Pronto saldrá un libro de relatos al que he tenido acceso. Relatos protegidos por los bravos azules y por el bueno de Mario Sanz Cruz, el farero de Mesa Roldán, escribidor de la intrahistoria y del alma de la mar, en unas páginas impulsadas por la 'cultura levantisca' y los amigos de Carboneras. Deseo lúcido, ilustrado, como es aquí la luz, distinta, porque se somete a los barrancos secos y los palmitos, entre esparto ya sin nadie y abrigos templados, y un mar de cultura y trasiego inmigrante.

Entre estas historias hay miradas escriturales que viven o conviven en una escritura de luz, de paisajes, de poética, de fotografía cromática, como las del profesor Miguel Galindo que me sorprende por su mirada tan interior, desde su ojo orográfico y una flecha telúrica de su memoria selectiva y verdadera. Porque Miguel emociona desde esa mirada tan personal en el relato de lo que él ama y desde "ese doble silencio, mar y playa".

Y así se nutre Carboneras, desde la razón de la historia literaria a la mirada íntima, hasta Vidal Hurtado, a la intemperie, cara al mar que le sostiene. Colores, muros y plantas. Vegetales y animales en estado puro, hasta que ascendió, como un Minotauro lleno de euros, la barbarie, las cadenas metálicas que quebraron la montaña del Alagorrobico, por donde se hizo Lawrence de Arabia. Todo o nada. Quedó en nada. Así, una asolada mirada le inunda, se hace grito, como un río infernal, rota ya la cavidad de sus entrañas.

Y entre aquellos relatos asciende Lourdes Ortiz con Mamadou, que miraba aquellos ojos azules, que eran como otros que antes había visto. Mamadou puso su amor en el trabajo, o trabajaba para el amor, qué más da. Fátima no tuvo esa suerte. Fátima, la de aquel otro milagro de Lourdes, la de aquella soledad enquistada, enrocada, casi ceniza, de aquel libro de cuentos, historias y relatos que vinieron también un verano de la mano de la escritora. La verdad de los desterrados radica en su silencio, en las pocas cosas que ven. Pero ellos miran todo cuanto se mueve cerca, y hablan con ese sufrimiento lingüístico tan íntimo, tan doloso. Son estas historias, como la de Lourdes Ortiz, las que, en una novísima sentimentalidad, te sobrecogen. Unas, por verdaderas; y otras, por sentidas. Regresan o nacieron de un viejo cauce seco, ya sin lágrimas, ya sin esperanza, de ricos y de pobres. Mamadou, migración, soñada fortuna, una historia de vida y de amor también. Un amor sin nombre, con el cuidado del desterrado y el miramiento de la soledad. Y pasó, "cuando la reina de las nieves había bajado a la tierra", aunque no sabía su nombre.
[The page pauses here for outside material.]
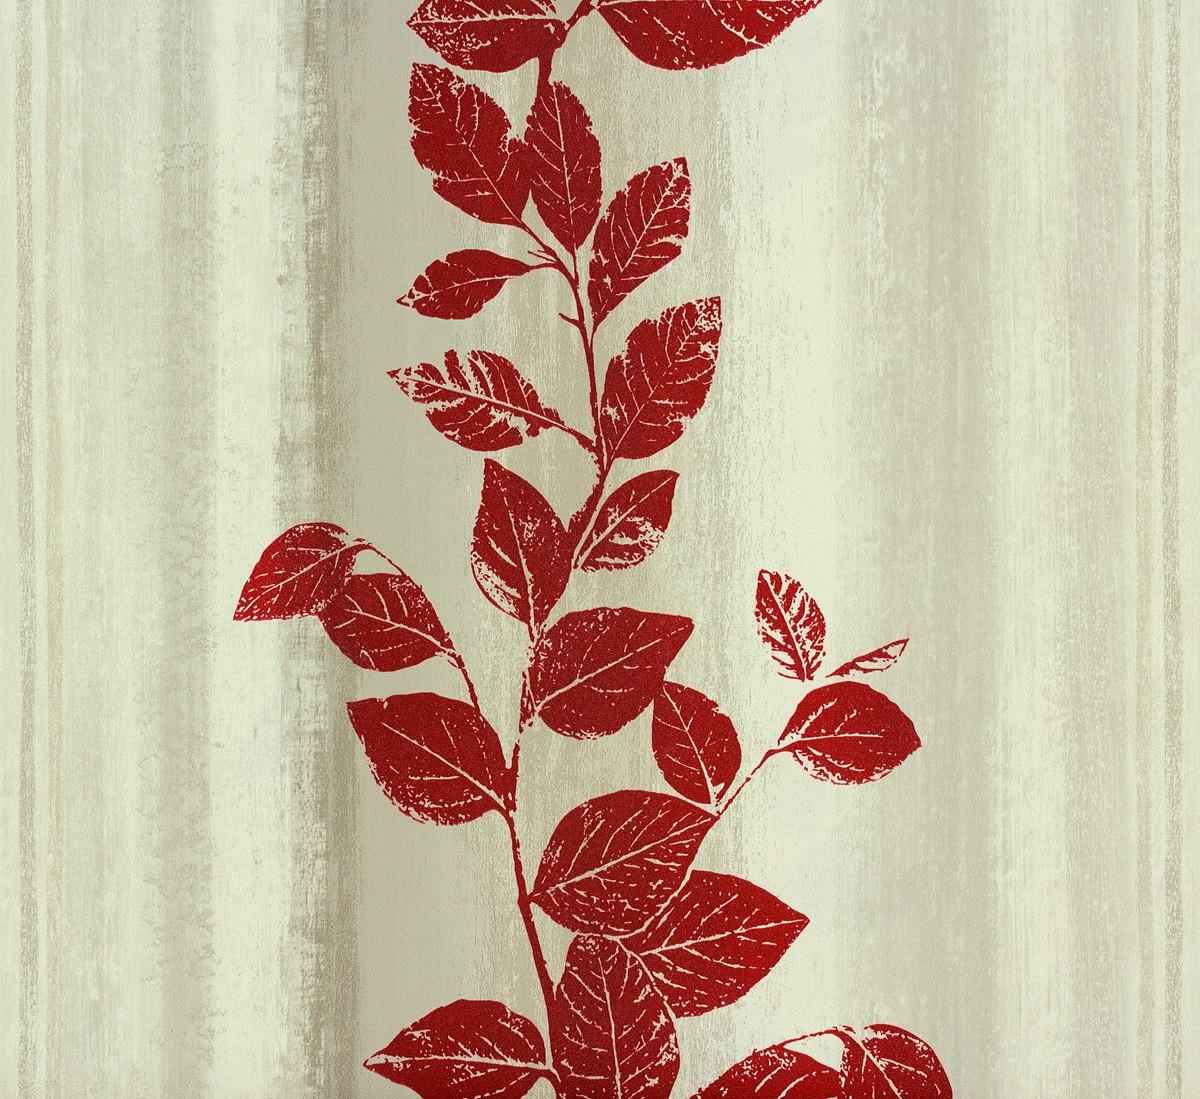 vliestapete struktur blumen grau rot tapete rasch fiducia 424720. Black Bedroom Furniture Sets. Home Design Ideas

Y luego Mario Sanz, el farero, el que puso en marcha este barco repleto de pequeñas historias con el mar de fondo. A cuarenta centímetros del suelo mira lo que ve Mario Sanz. Alguien busca llenar la tripa entre aguas sucias y gente que le tira piedras. Entre camiones y ruidos camina un perro al que sólo le gusta quitarse las pulgas en su tierra natal. Pero sobre unos perros forasteros y turistas se le queda el apetito en pan tan sólo. Alemanes, franceses, contenedores. Perra vida. Los perros se parecen a los hombres, los hay de todas clases, pero al final, a éste, al de Mario, lo que le gusta es ser libre. Pasa eso también entre los hombres.
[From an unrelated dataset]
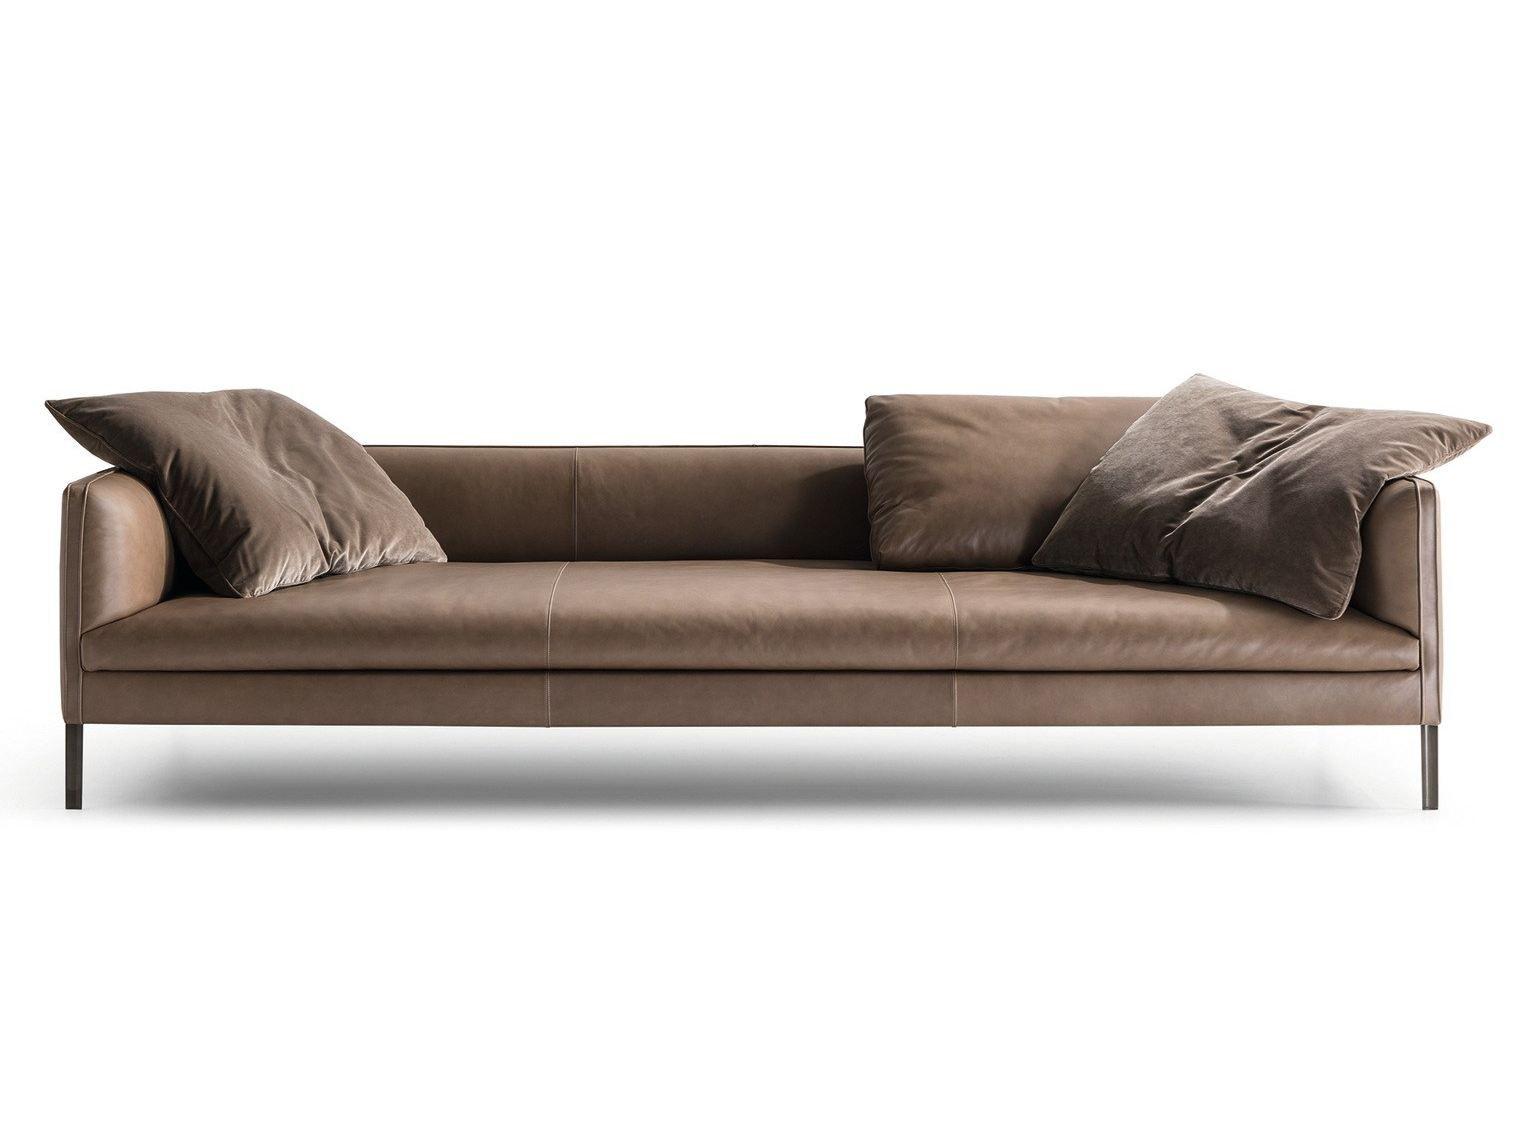 3 seater leather sofa PAUL | Sofa - MOLTENI & C. | Sofas | Pinterest ...

También Daniel Sarasola ha escrito desde el mar, como todos ellos, donde ella bebe un dry martini a grandes sorbos, aferrada, con las dos manos enguantadas, a la copa. Pero alguien le ha mantenido como hace treinta años para él, chapada a la antigua. Todo es viejo en aquel ambiente de terciopelo raído, decadente, en el sentido que sobreviven las cosas más antiguas. Noche para un romance, copas, un poco de vértigo: tedio de lujo en una jaula de oro. Un "me voy contigo" bastó para salir de aquella necedad y entrar, como sobrecoge Daniel, en aquel paisaje rocoso y yermo, salpicado de chumberas y dunas inesperadas, de costas escarpadas como talladas en hojaldre caliza que le hicieron mudar de piel a la velocidad del rayo. Se conquistaba Acqaba en la playa de Algarrobico con Anthony Quinn y Peter O'Toole. Se trata de una historia tan verdadera como literaria, mitad y mitad. Recuerdos de unas fotos, y también fingimiento. Finalmente, todo lo que parecía ser hermoso acabó en una silla de ruedas. Es así de audaz por extraña en los tiempos que corren la historia de Daniel Sarasola, en su perspectiva y en su quebradura arquitectónica, que es tanto como mantenerse las cosas en pie a pesar de los años.

Después, cuando se lean estos cuentos, relatos mínimos, o máximos, pequeñas historias tan personales o cruces del día por donde pasaron los que venía de África, estas claves inciertas o vívidas de la mar Carboneras, que es la de todo el Mediterráneo, quedará el paisaje, un paisaje tan desnudo como las buenas almas. Y fue así, en primavera, y también lo será en aquel Algarrobico tan amenazado, tan sufrido como Mamadou, ralentizado en el ojo certero de Lourdes Ortiz, cuando creía ver a la reina de las nieves sobrepasar el mar de los inmigrantes.